I have reduced this time to 0.6ms per FFT call, when I reached the
heart of the code, the innermost of 3 loops, where the correlation
between complex exponentials and data occurs :
tempr=wr*data[ixj]-wi*data[ixj+1];
tempi=wr*data[ixj+1]+wi*data[ixj];
data[ixj]=data[ixData]-tempr;
data[ixj+1]=data[ixData+1]-tempi;
data[ixData] += tempr;
data[ixData+1] += tempi;
This piece of code is executed 5120 times (ie. N Log_2(N) ) - so a lot
of opportunity to improve things. I have removed superfluous array
indexing and changed to full 64 bit arithmetic (which has proved to be
faster than 32bit in previous tweaking) as follows
#if defined(FFT_DOUBLE)
# define srcPtr0_ doublePtr_1__
# define srcPtr1_ doublePtr_2__
# define tgtPtr0_ doublePtr_3__
# define tgtPtr1_ doublePtr_4__
#endif
#if defined(FFT_FLOAT)
# define srcPtr0_ floatPtr_1__
# define srcPtr1_ floatPtr_2__
# define tgtPtr0_ floatPtr_3__
# define tgtPtr1_ floatPtr_4__
#endif
srcPtr1_ = srcPtr0_ = &( data[ixj]); ++srcPtr1_;
tgtPtr1_ = tgtPtr0_ = &( data[ixData]); ++tgtPtr1_;
curReal = wr **srcPtr0_ -wi **srcPtr1_;
curImag= wr **srcPtr1_ +wi **srcPtr0_;
*srcPtr0_ = *tgtPtr0_ -curReal;
*srcPtr1_ = *tgtPtr1_ -curImag;
*tgtPtr0_ += curReal;
*tgtPtr1_ += curImag;
# undef srcPtr0_
# undef srcPtr1_
# undef tgtPtr0_
# undef tgtPtr1_
However now I find the time per call has gone up significantly.

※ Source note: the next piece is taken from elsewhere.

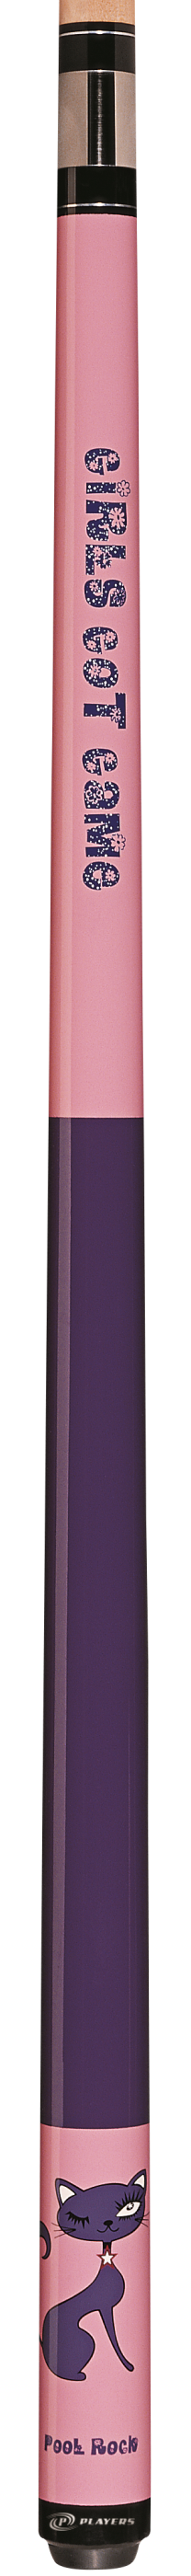 Players Y-G02-48  Youth Cue 48" Pool Cue -Players

Using the FFT_FLOAT option above, the call time increased by 39%
compared with the original code.
Using the FFT_DOUBLE option, it is a bit quicker, only 20% longer. So
by rights I should just use the original code, with all variables
changed to doubles, but I am loathe to do so just yet until I
understand why the current bottleneck exists.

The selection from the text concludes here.